Magyar, che guida il partito Tisza e ha costruito la campagna elettorale sul ritorno a una politica estera più prevedibile e allineata agli standard europei, ha però tenuto a sottolineare che non si tratta di una ritorsione mirata contro Israele. «Credo che se un Paese è membro della Corte penale internazionale e una persona ricercata dalla Corte entra nel nostro territorio, allora quella persona deve essere arrestata». Un principio generale che, per quanto esposto in termini astratti, va a impattare direttamente sulla figura del primo ministro israeliano.

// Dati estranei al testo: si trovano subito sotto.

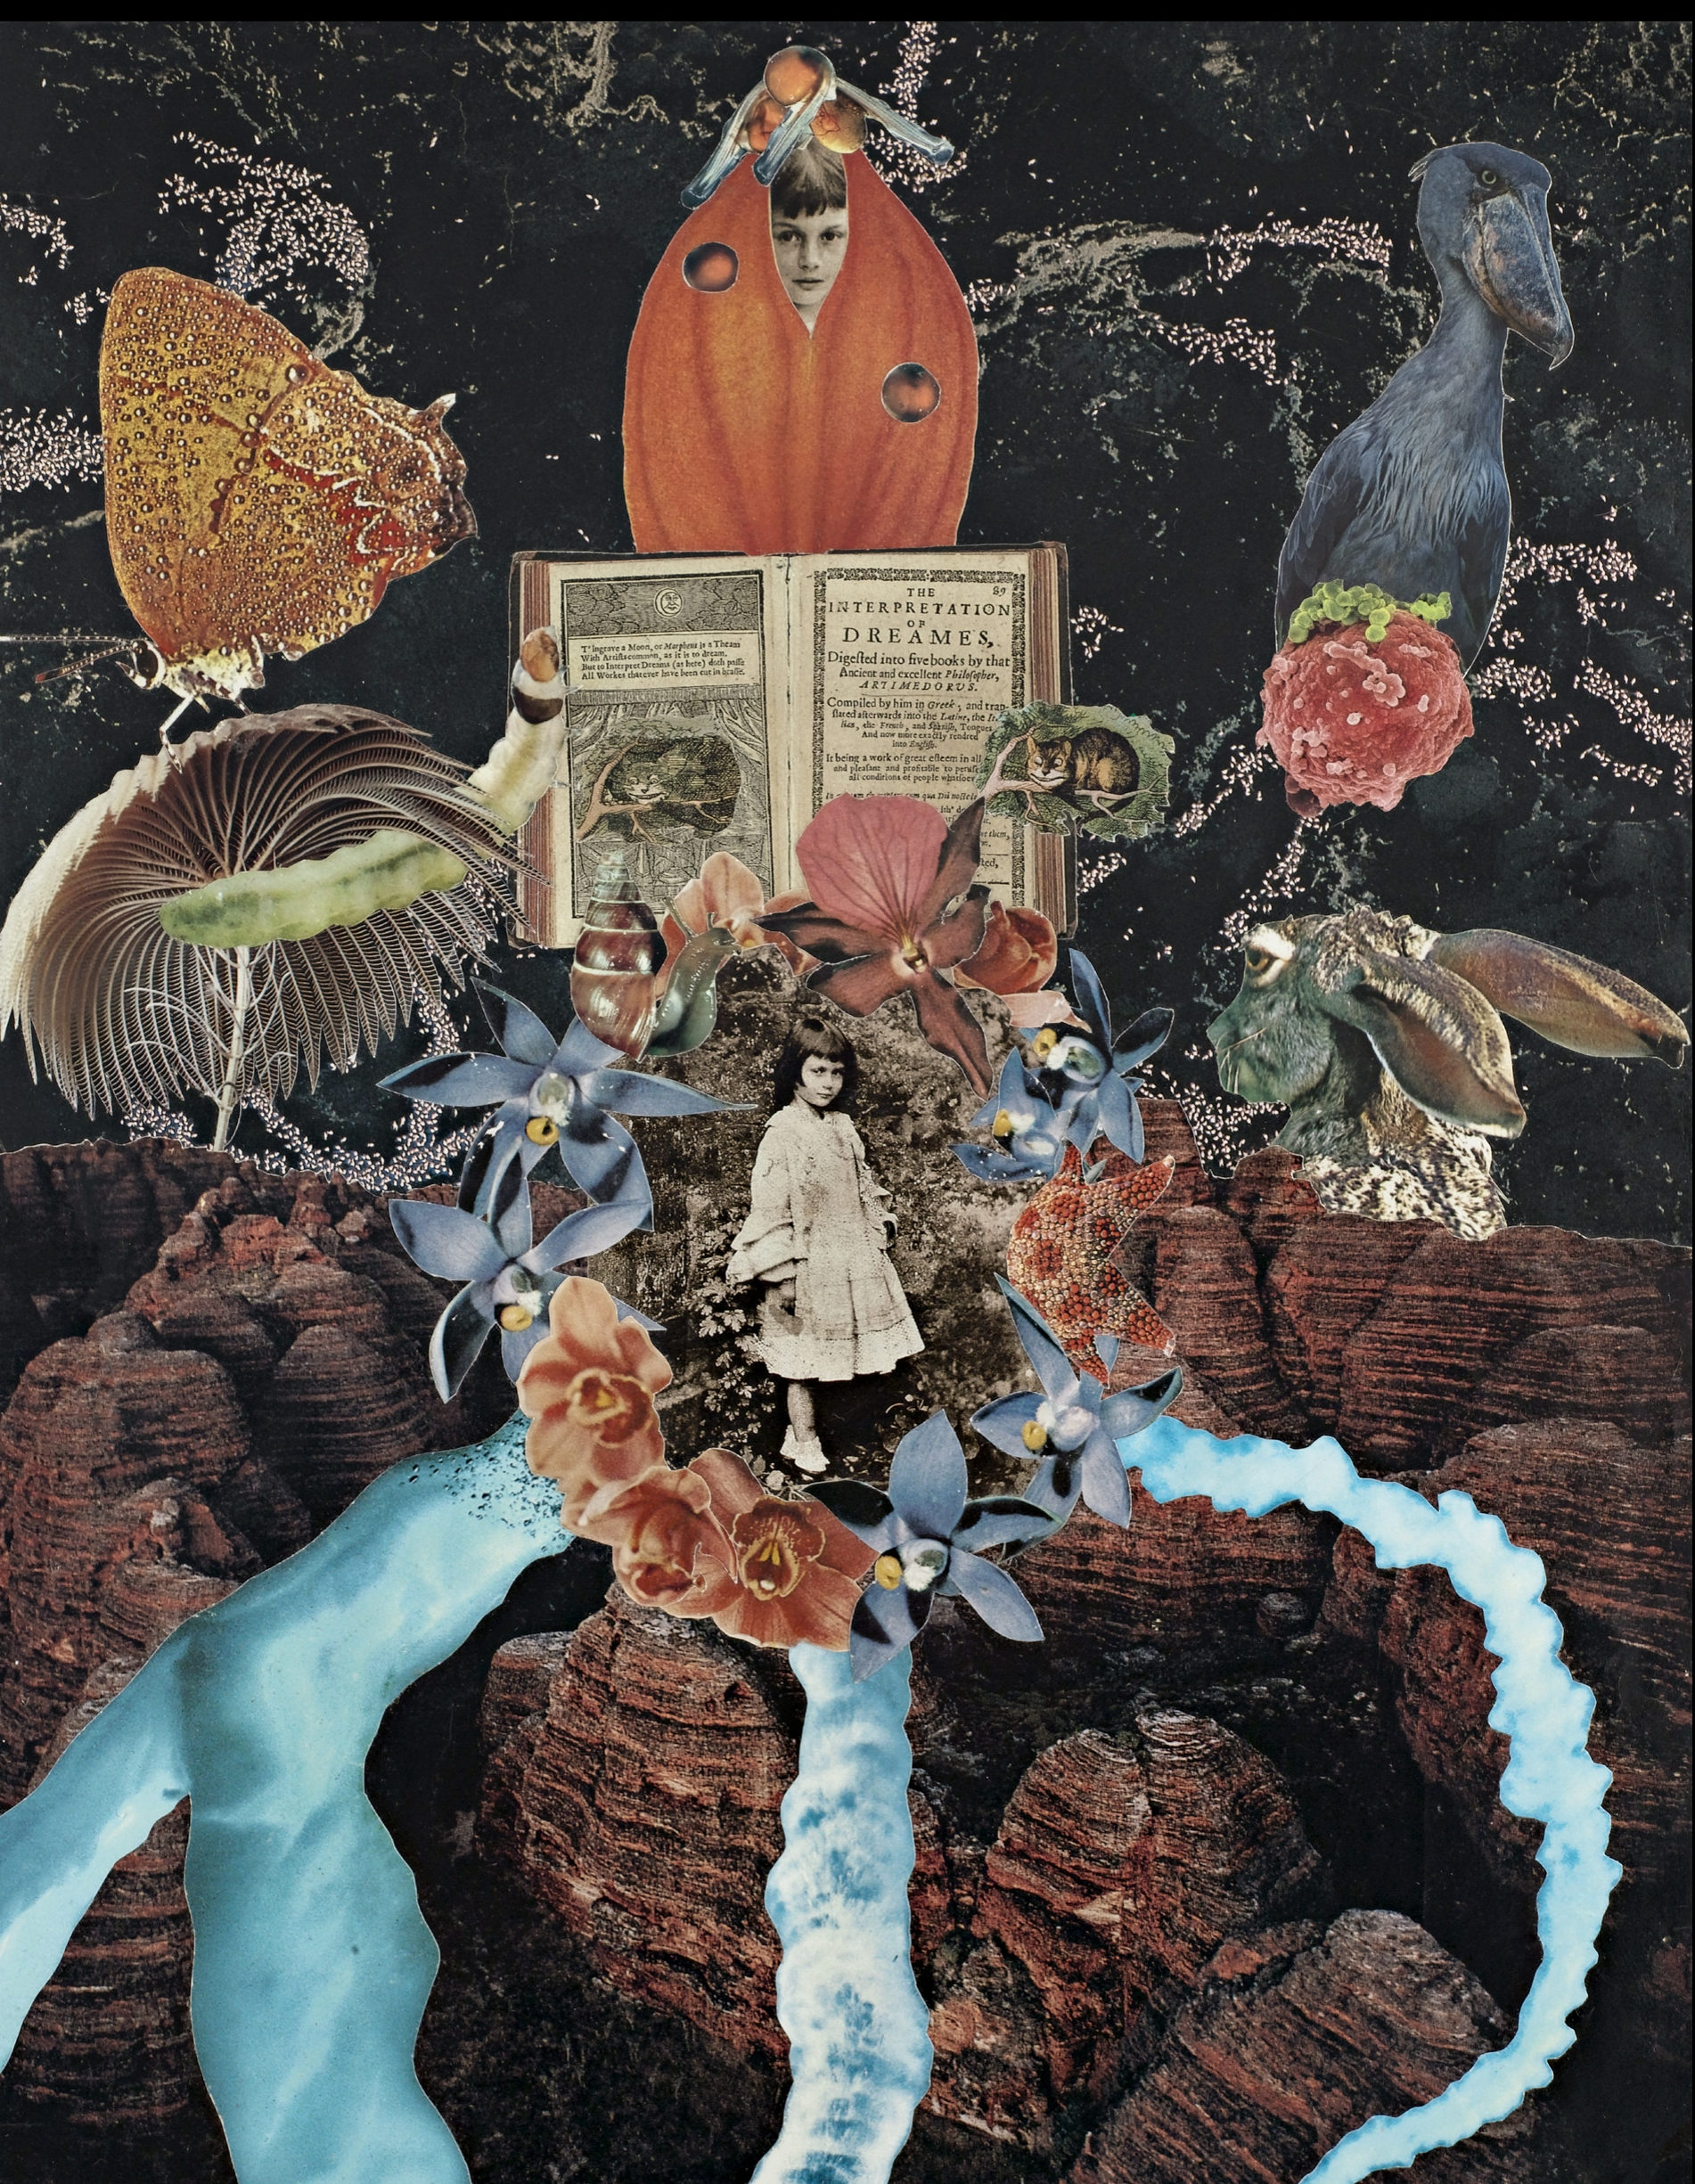 Agnieszka Sosnowska, Journey, Collage, 1994

L’invito formale a partecipare alle celebrazioni dell’ottobre 2026 era già stato trasmesso, e Magyar non lo ha ritirato; si è limitato a ricordare, con una punta di ironia istituzionale, che «non è necessario spiegare tutto al telefono, presumo che ogni capo di Stato e di governo conosca queste leggi». Una frase che lascia intendere come il destino di un eventuale viaggio sia ora esclusivamente nelle mani di Netanyahu, chiamato a scegliere se mettere piede in un territorio dove i pubblici ufficiali avrebbero l’obbligo formale di eseguire il fermo.

Le crepe nel fronte europeo e la solitudine dell’alleato ungherese

La presa di posizione della futura maggioranza di Budapest si inserisce in un quadro europeo ancora profondamente frammentato. Se è vero che i 124 membri della Cpi sono teoricamente vincolati al rispetto dei mandati, la prassi degli ultimi mesi ha dimostrato come molti governi abbiano cercato delle scappatoie. Parigi, per esempio, ha invocato l’articolo 98 dello statuto per sostenere che l’arresto di un capo di governo straniero sarebbe incompatibile con gli accordi bilaterali sulle immunità diplomatiche. Anche Roma e Berlino, ai tempi del governo Scholz, avevano fatto sapere di non poter immaginare un’esecuzione forzata del mandato sul proprio suolo. In questo contesto di incertezze e distinguo, l’Ungheria di Magyar si propone quindi come il primo paese membro dell’Unione a dichiarare in modo esplicito e senza condizioni la propria disponibilità a trasformare il mandato della Cpi in un atto concreto, anche a costo di innescare una crisi diplomatica con uno degli alleati più potenti del Medio Oriente.